I have no idea if that was really his name but nevertheless  I'm almost doodling it on my exercise book.  All these years later and I still get a thrill thinking about him.  I wonder aloud what Fred (Serafini?) looks like now and remember how absolutely beautiful I thought him at sixteen and how I couldn't believe he would ever go out with me.

'Oh you might be surprised,'  She cautions, not entirely encouragingly.  I mention that after we broke up he started going out with the most popular and attractive girl in the village.

'Who was that?' she asks.

'Oh you know, she lived in Park View.  Catholic.  She had an older sister who died of Weils disease.'

She looks at me blankly, whether it's because she wants more explanation of the disease or the person I'm not sure.  I decide to forgo the rats and stick to the girl...

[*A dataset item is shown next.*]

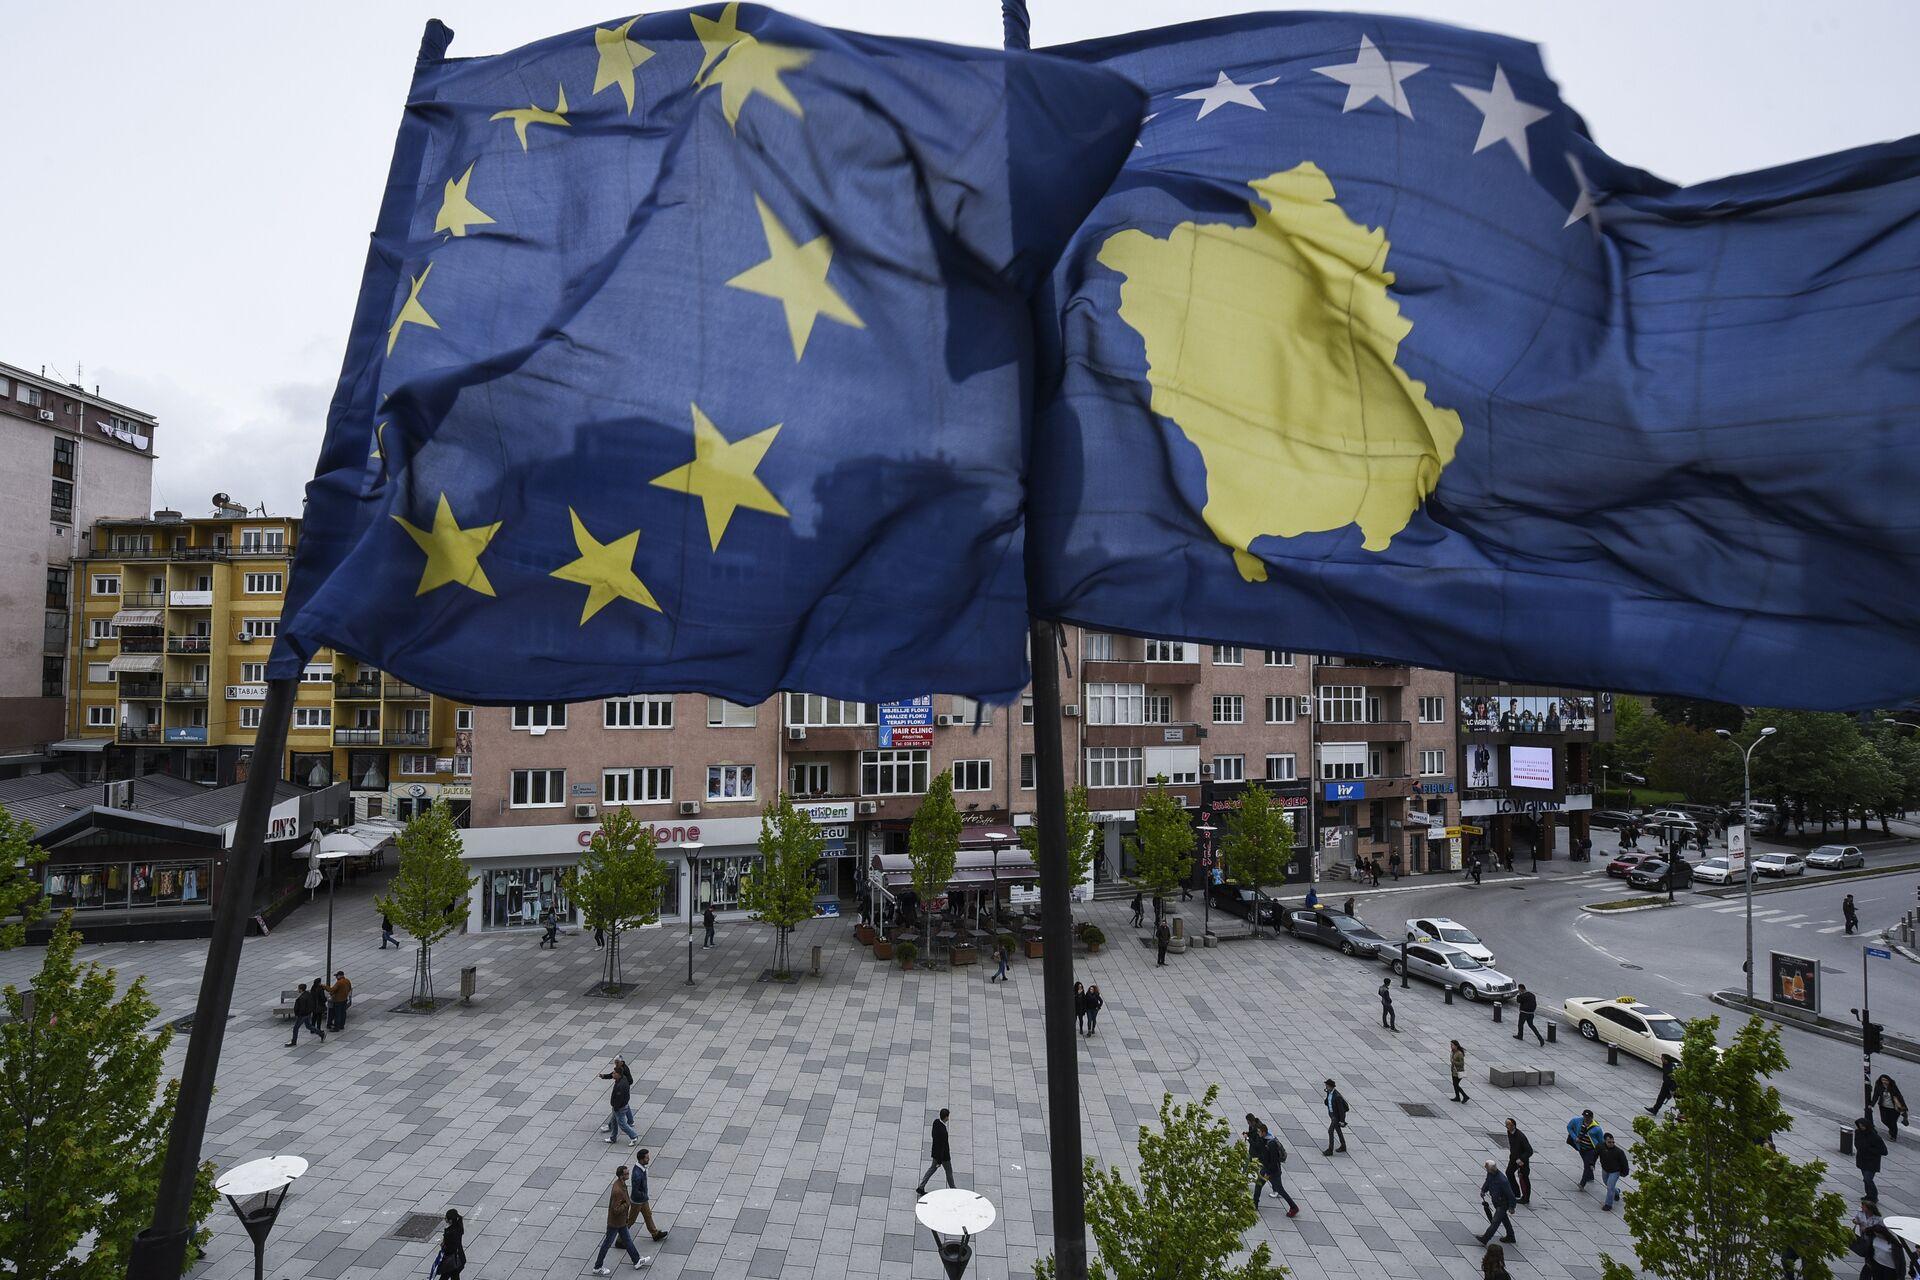 Косово није држава чак ни у виртуелном свету: Срби подижу своју заставу - Sputnik Србија, 1920, 29.03.2021
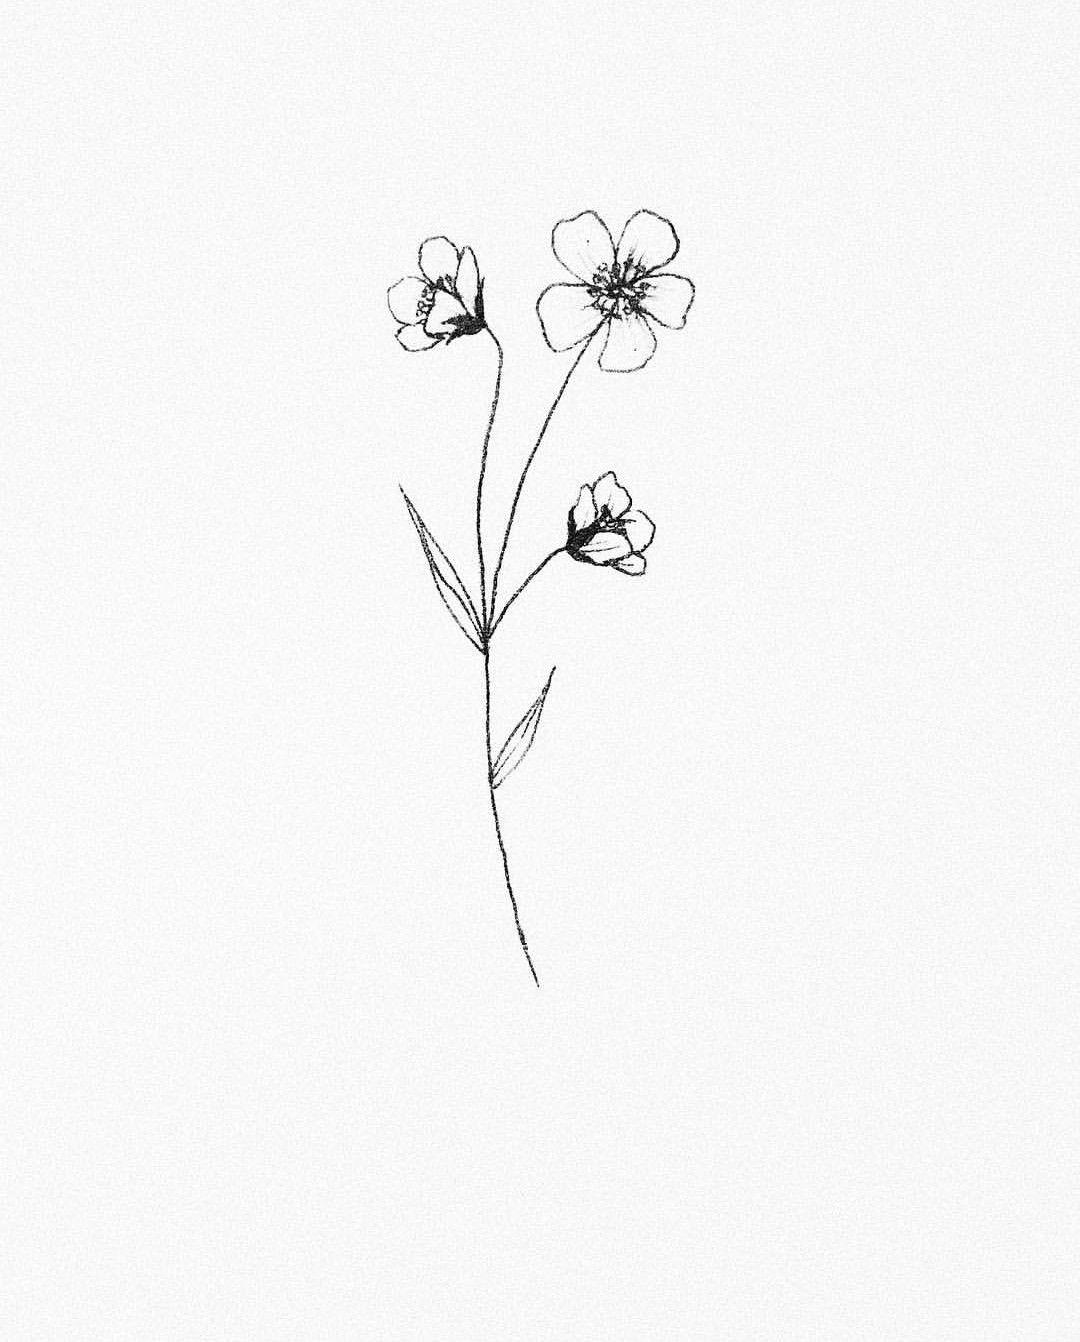 Mohnblume Unbedeutende Zeichnungen Hollowen Hollowen Mohnblume Unbedeutende Zeichnungen In 2020 Flower Tattoo Designs Tattoos Sketch Inspiration

'Oh you must know her.  She was very pretty.  Had bullet hard breasts (No I didn't say that but I remember one of her ex-boyfriends telling me that - this again, is why you don't hang around in a small village - no ruddy secrets). She died too.' (Ditto - reasons for leaving No. 237)

She still doesn't know who I'm talking about and shakes her head.

'She was my age, so a year older than you.  Died of a some bowel disease...'  (No. 238) I prompt.

She shrugs.

I'm about to keep on going, trying to prompt her memory of a girl, long dead, whose name I can't even remember myself because of a boy I dated three and a half decades ago - and then I hear myself.

Oh my God.   I've been gone from this place all my adult life, yet still, I've turned into my mother.